I have gathered evidence in Birds and wind farms. Here is what I have learnt.
1. Wind farms do kill birds.
It’s a sad fact. Large birds, small birds, bats, sometime rare and endangered species.
2. Less birds die than is often claimed, but still more than we’d like.
Estimates range from 1 bird per turbine per year to 18. More recent figures seem to be lower.
3. Birds face much bigger problems than wind farms.
Cats, cars, buildings, power lines and hunting each cause hundreds of times more bird deaths than wind farms do. Those worried about bird deaths should logically be addressing some of these issues before worrying about wind farms.
4. Larger and rarer birds deserve special attention.
Large birds like eagles, hawks and vultures are often under greater pressure and need to be specially considered when developing new wind farms.
5. Bats can be worse affected than birds.
While bats are not as well thought of as birds, they are important parts of the ecology. They tend to be killed in larger numbers, and so merit additional consideration.
6. There are ways to significantly reduce the impacts of wind turbines on birds (and bats).
- Be careful to site turbines away from migratory paths, and feeding and breeding areas.
- Painting one blade black can make turbines far more visible to a bird and significantly reduce mortality.
- New sensing technology can detect a large bird approaching and slow or stop the turbine, making it less likely that birds will be damaged or killed.

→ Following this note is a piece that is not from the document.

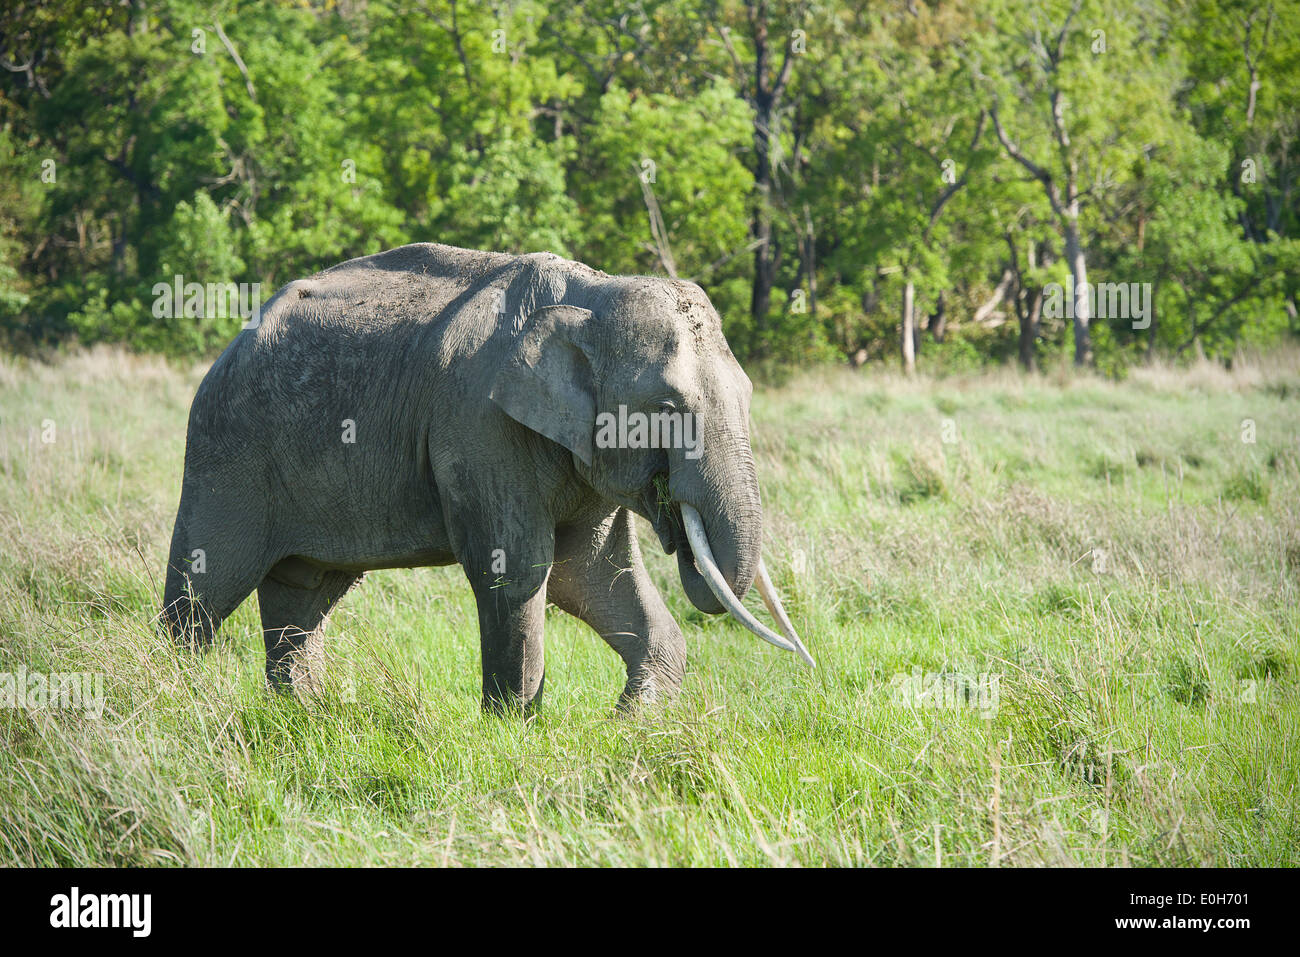 An Asiatic Elephant grazing on grass Stock Photo
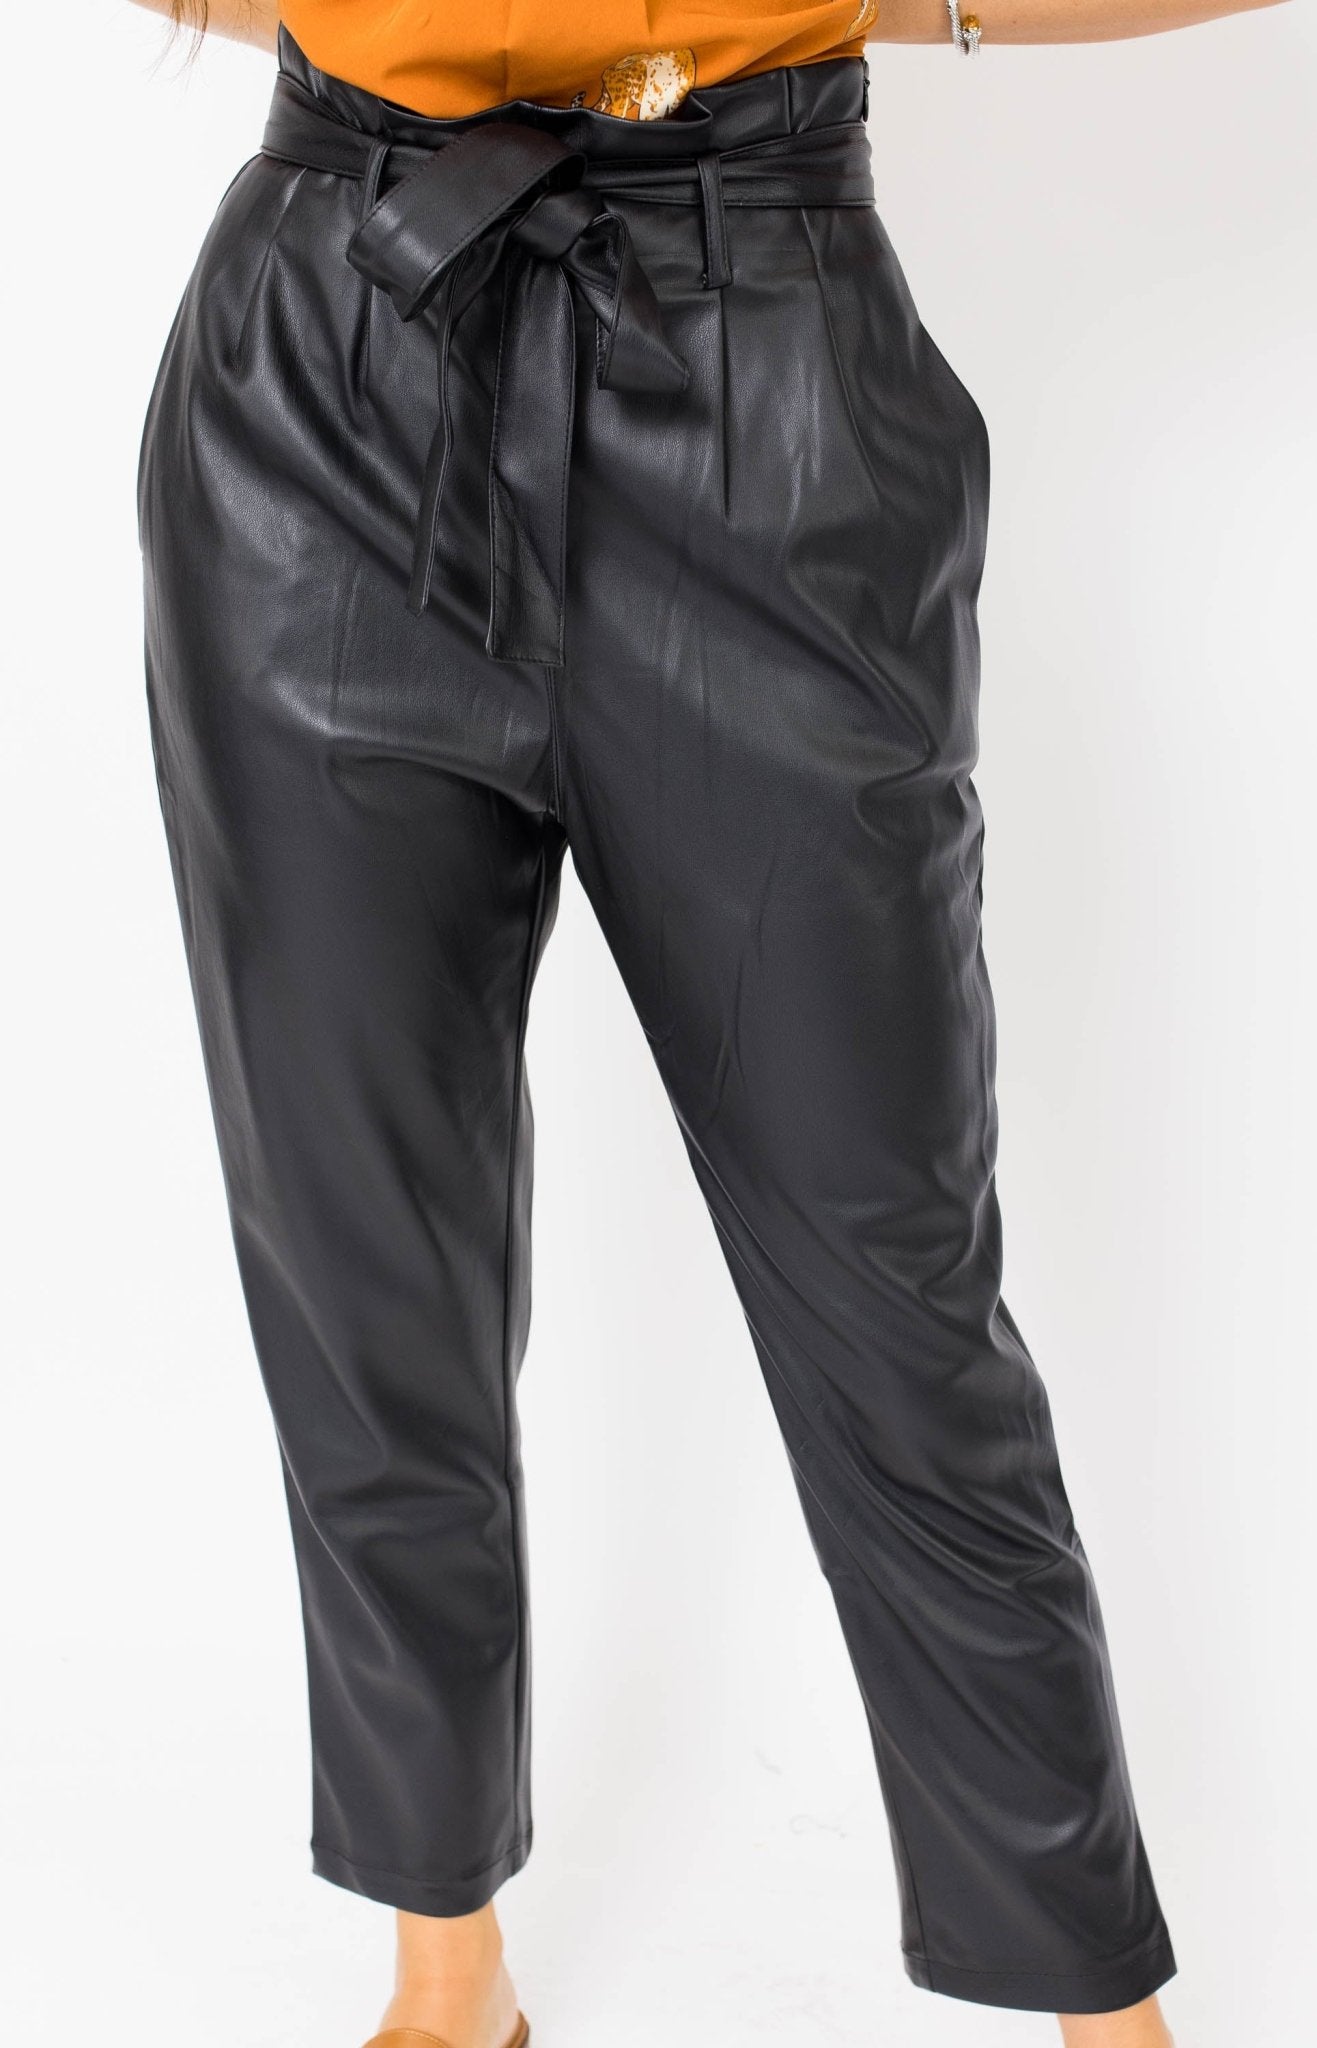 Dolce Cabo: Everything and More Vegan Leather Trousers, BLACK Pants - 32P

- Emitting high frequency sounds can deter bats from coming near turbines.
The bottom line
The consequences of unchecked climate change are far worse than the killing of birds by turbines. Wind power is a significant source of renewable energy and must be utilised.
But with future development of wind farms informed by experience and new technology, there is every reason to expect that the number of bird deaths, especially rarer larger birds, can be greatly reduced.